After months of debate and amendments, the Building Safety Bill became law today (29 April), with the intention to ‘create lasting generational change’ to the way high-risk and residential buildings are constructed and maintained, although many of the new provisions in the 262-page Act are not expected to come into force until 2023.
The Bill, drawn up after the 2017 Grenfell Tower fire killed 72 people, will bring into law the recommended changes to the system of building regulations for high rise buildings made by Dame Judith Hackitt in her review of building and fire regulations, published in 2018.
However, last month Building Engineer reported that the government was set to u-turn on Dame Judith Hackitt’s recommendation for a Building Safety Manager.
Ministers announced they were removing the duty to appoint a Building Safety Manager, ensuring there is flexibility in the regime to enable Accountable Persons to set the most appropriate arrangements for their buildings and residents, and removing the unnecessary cost a BSM could impose on leaseholders in high-rise buildings.
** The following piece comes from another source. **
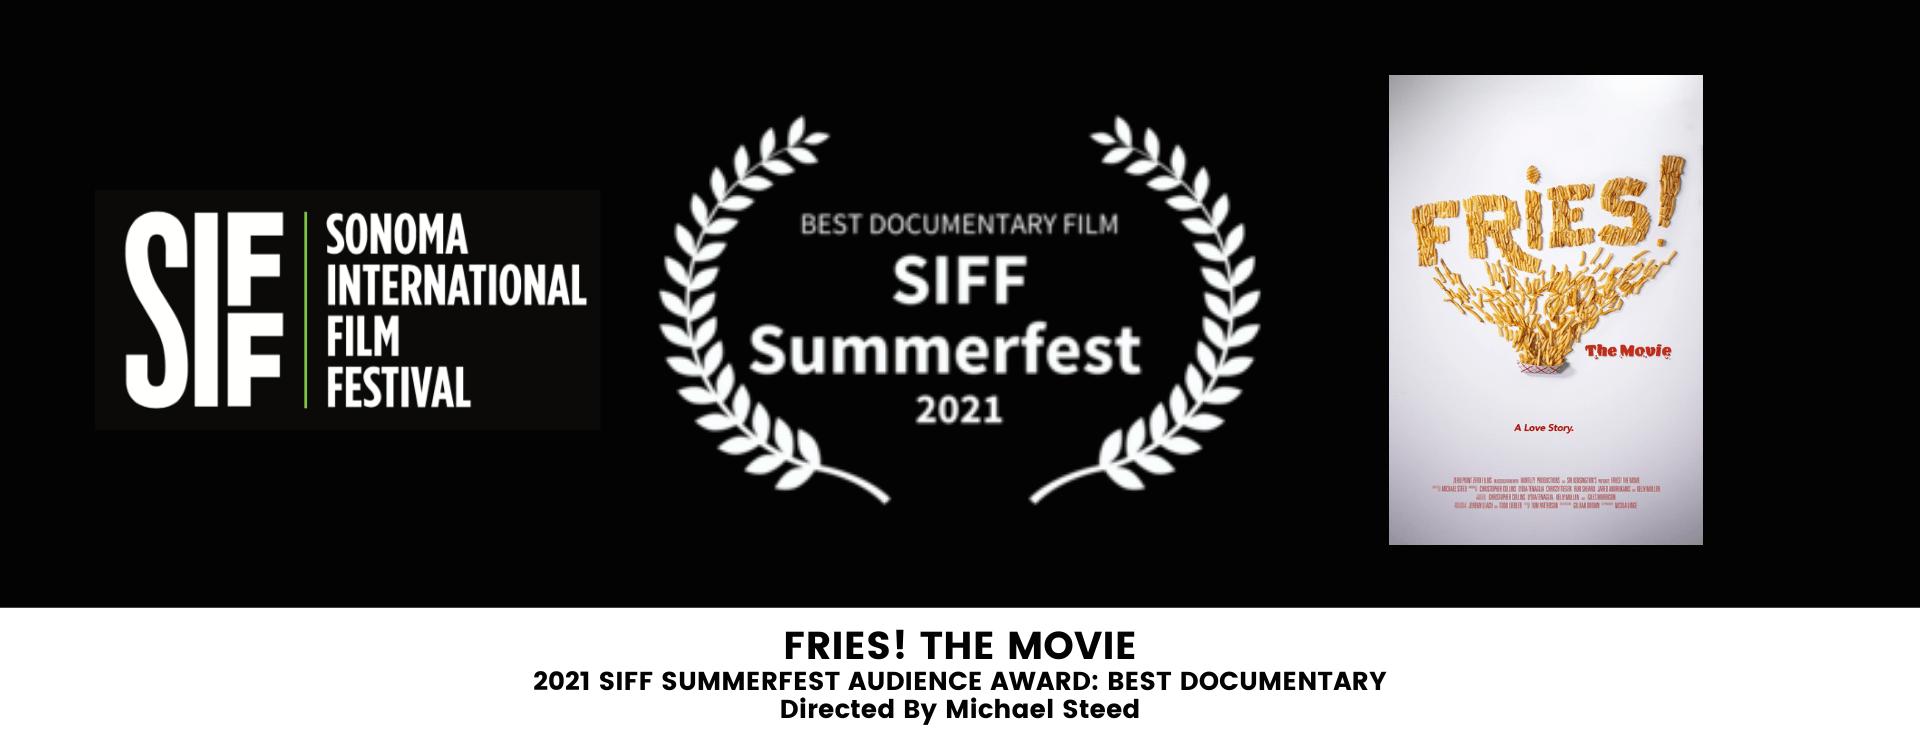 Best Documentary Film SIFF Summerfest 2021

This is a major change to the proposals made by Dame Judith Hackitt.
Last night, Stephen Greenhalgh, Minister for Building Safety, Leasehold and Resilience & Emergencies at the Department for Levelling Up, Housing & Communities and Fire Minister for the Home Office, announced the news on Twitter:
The landmark Building Safety Bill has received Royal Assent.— Department for Levelling Up, Housing & Communities (@luhc) April 28, 2022
The new Act will 👇
☑️Protect leaseholders in law from building safety costs
☑️Make industry pay for defects
☑️Improve building standards through tough new regulations
Read more ➡️ https://t.co/0gkPbADYYx pic.twitter.com/JggRAcnTuI
Meanwhile, in a letter to CABE on the eve of the announcement, the Health and Safety Executive said the Building Safety Bill “paves the way for the HSE to build a more rigorous and robust regulatory regime for high-rise buildings in England”.
Industry should get ready now and play their part in making buildings safer, it warned.
“As designers, clients and contractors, you will need to collaborate to comply with building regulations and build good practice for managing information about the building – you will need to share this with each other so you can demonstrate how a building will remain safe when occupied.
“Industry needs to stop thinking that fire safety should only be dealt with at the building regulation stage – it starts at planning so that buildings are safe to build and safe to live in and use.”
Responding to the Act gaining Royal Assent, the Construction Industry Council gave three (muted) cheers.
“The Act represents a paradigm shift in the way in which residential buildings are to be designed, built, managed and regulated,” it said. “However, despite the scale of the Act and the vast number of amendments that have been made to it, there is still a great deal of detail to be determined through secondary legislation which CIC and its members stand ready to further assist government by providing expert opinion to enable government to get this detail right.
“One issue that needs to be addressed is that, despite the five years that have elapsed since Grenfell, the wider industry is still ill-prepared for the changes to come. In tandem with the transitional period of 18-24 months for the implementation of secondary legislation there needs to be a considerable communication exercise to create the necessary culture change in the industry and to absorb the new regulatory regime.”